“Stolen?” Samantha’s eyes were wide with surprise, but the corners of her mouth trembled with mirth.
“Don’t laugh”, Roberto begged, dejected. “The thing is bad enough as it is.”
“How?”
“Taken from the locked safe inside the locked vault of the locked museum. It is uncanny.”
“But a frog?”
He shrugged. “Well, it is a herpetology collection, after all.”
“And you just found it out because …”
“Because Luiz wanted to see it before going ahead with the trial.”
She made a face, stabbing a small red sausage with a green plastic toothpick. They were at a new lounge bar, one that had only recently opened for business. The service was lousy: the pickled sausages they’d ordered as appetizers had arrived after they’d finished the main course. As a silver lining, that course, steaks with onions and mushrooms, had been superb.
“Don’t call it a ‘trial’. You are being dramatic.”
He looked annoyed.
“What else am I supposed to call it?”
“By its proper name. Research Ethics Committee meeting.”
“A meeting convened to judge me!”
Her brown eyes, the color of dark honey, sparkled.
“To evaluate your conduct.”
He pulled two wrathful draughts from his pint of beer, throwing his head back as if in defiance. His hair was very thin, very blond, and when he once again turned to fix his stare on her, strands fell in front of his eyes. He swept them away with an angry gesture of the left hand.
“You love your euphemisms!”
“It is not euphemism, it is precision. But go on, tell me!”
He sighed.
“Well, as I was saying. I was on vacation and, when I came back to the institute last week, I had with me a very curious specimen, a smallish yellow amphibian with a pair of green ridges on its head and back, and bluish limbs.” He smiled at the recollection. But the smile soon vanished.
“I traveled all the way from that inn up in the mountains with the animal in an impromptu alcohol solution.” Roberto looked distraught. He took a deep breath before continuing.
“I had it on my desk and was filling a form with some preliminary details about the little bugger, so that it would enter our cataloguing system pronto. It’d take just a few minutes and then I would carry the amphibian to the lab, to prepare a more permanent preserving solution, to transfer the specimen to a proper vessel and all, when that paranoid asshole, Filipe, came in. He looked astonished when he saw the frog in the jar, cried that I’d committed an environmental crime by removing the animal from its habitat without a proper license.”
“Cried?”
“Screamed!” He looked indignant. “Mortlake, our post-doc student from the US, came running in, thinking someone had been stabbed or something. Pedro, the janitor, came right after him. It was monstrous.”
“And then?”
“Then Camila, you know her, our general manager, barged in, also. It took her a while to understand what the brouhaha was all about, but when she did, she became really upset. It seems that violations of fauna conservation laws are now a big no-no with the donors and public endowment agencies. … You know, nowadays every single ‘worry’ has to be ‘addressed’, you can’t just tell people to get lost and to mind their own business. … Well, in the end, they confiscated the frog, locked it in the safe of the collection vault and that was that.”

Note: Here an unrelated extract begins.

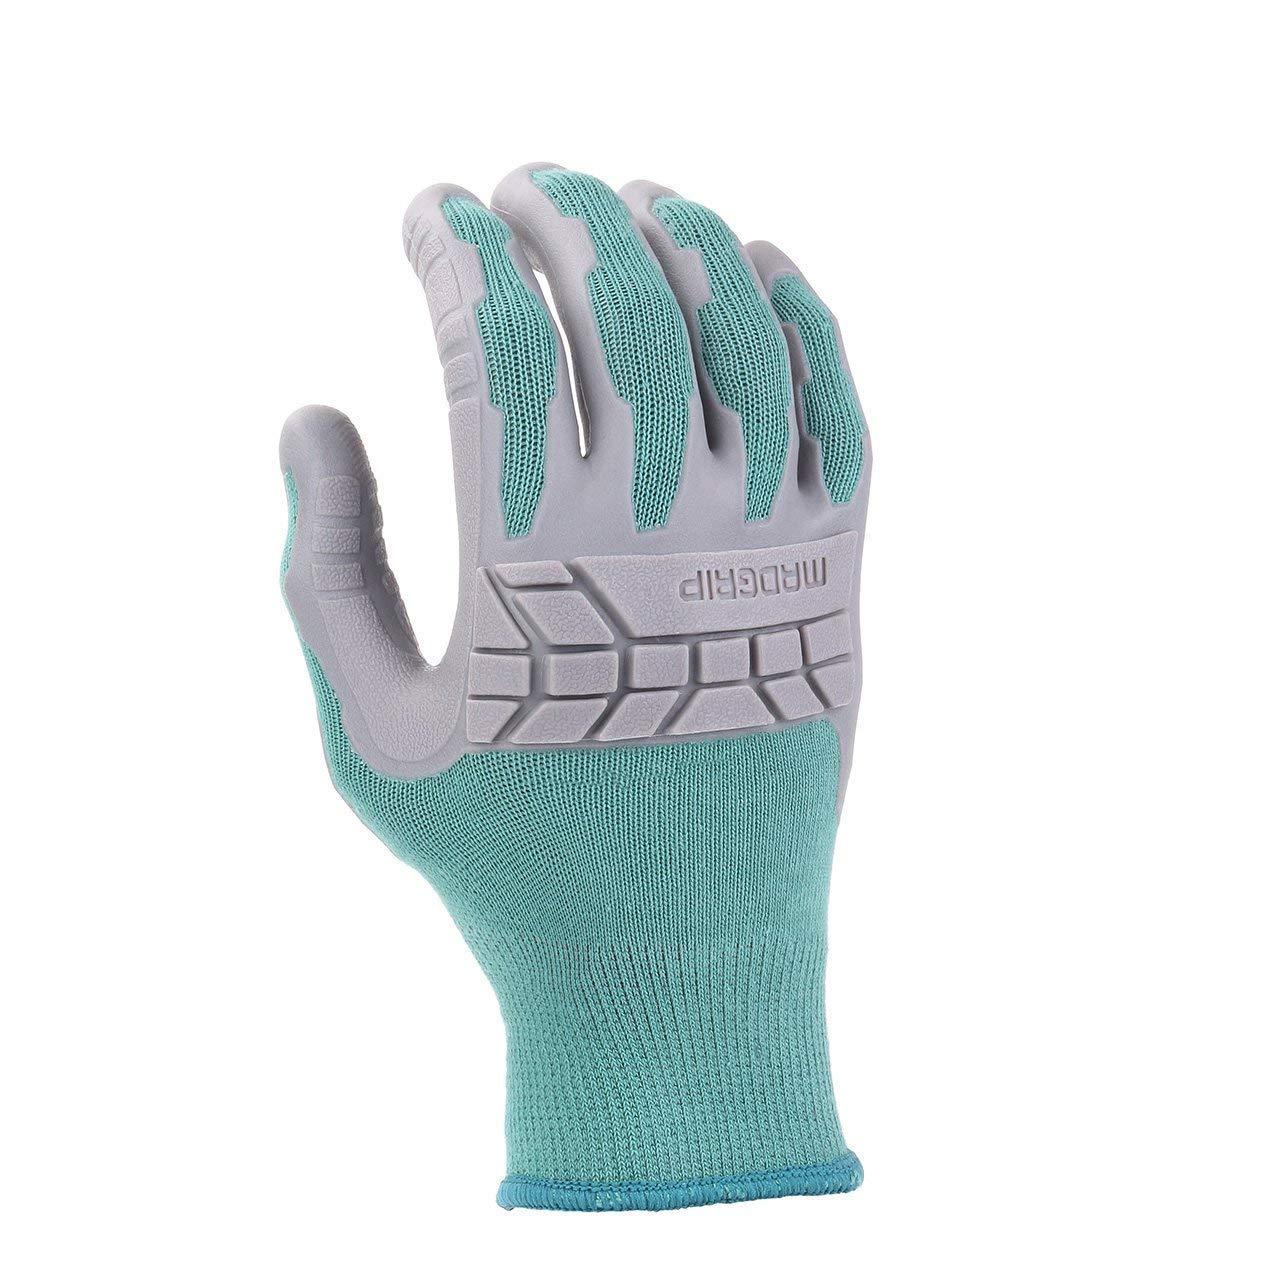 MadGrip Pro Palm Utility Glove
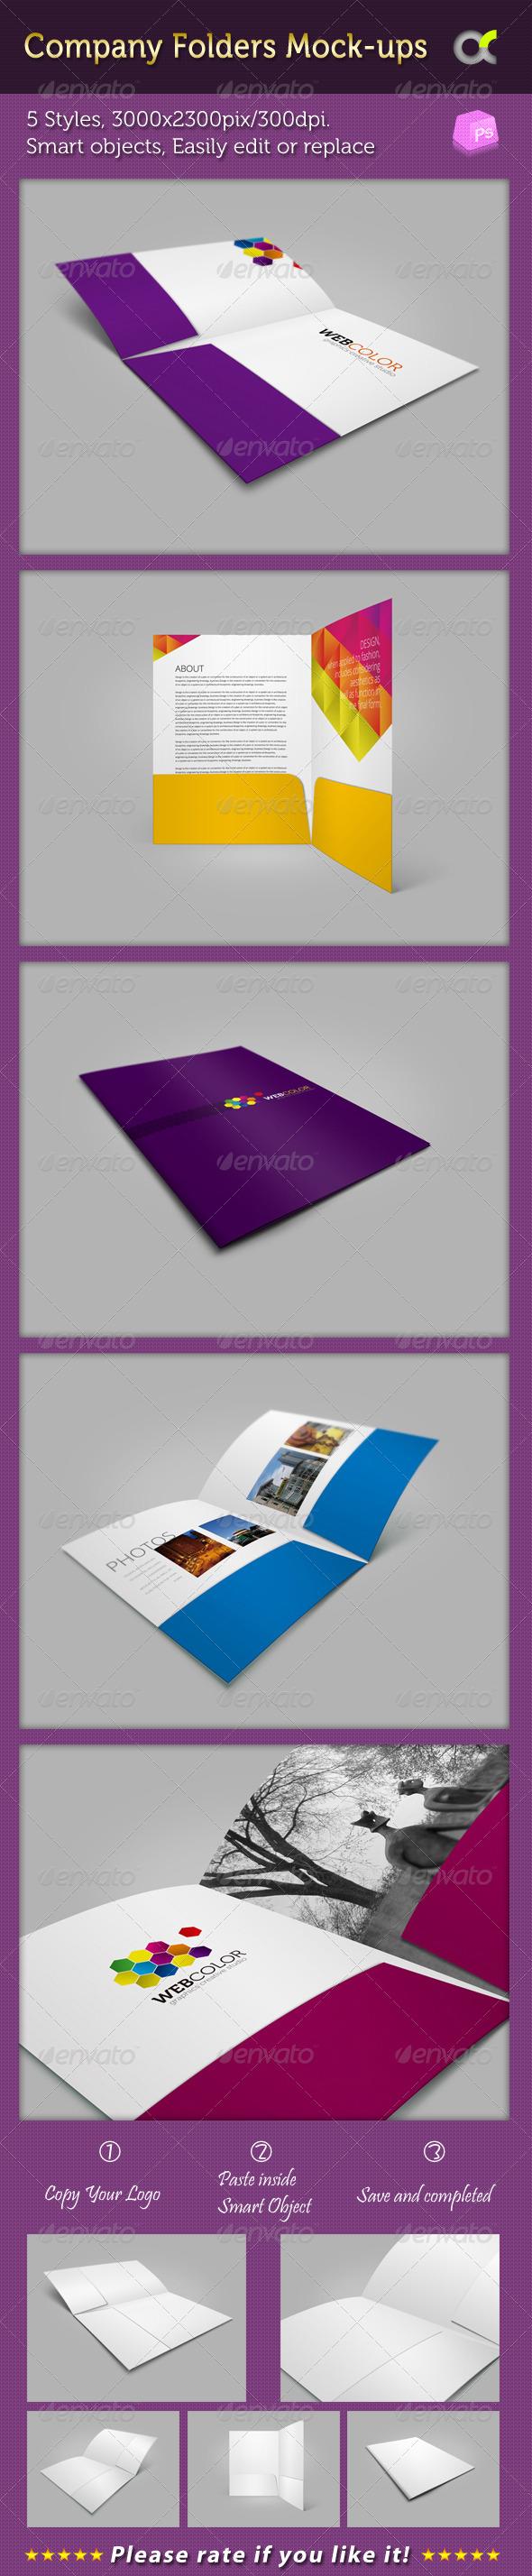 Company Folders Mock-ups - Product Mock-Ups Graphics

“And convened the meeting.”
“Yes.”
“Wasn’t the frog going to spoil? If it was in an inadequate solution, I mean?”
“It will keep. The safe is refrigerated.”
“Oh. How’d Filipe know you didn’t have a license?”
“If I had one, it would’ve been processed through his office. And I’d been on vacation, so it was a good guess, anyway. The man is insufferable.”
“So?”
“So, Filipe got the committee on my back. They scheduled an audience for a few days later. I was there, as was the chairman, Luiz, and professor Rocha, my supervisor, and Filipe himself. They were to decide if I’d obtained the specimen lawfully.”
“And did you?”
He moved uncomfortably in his chair.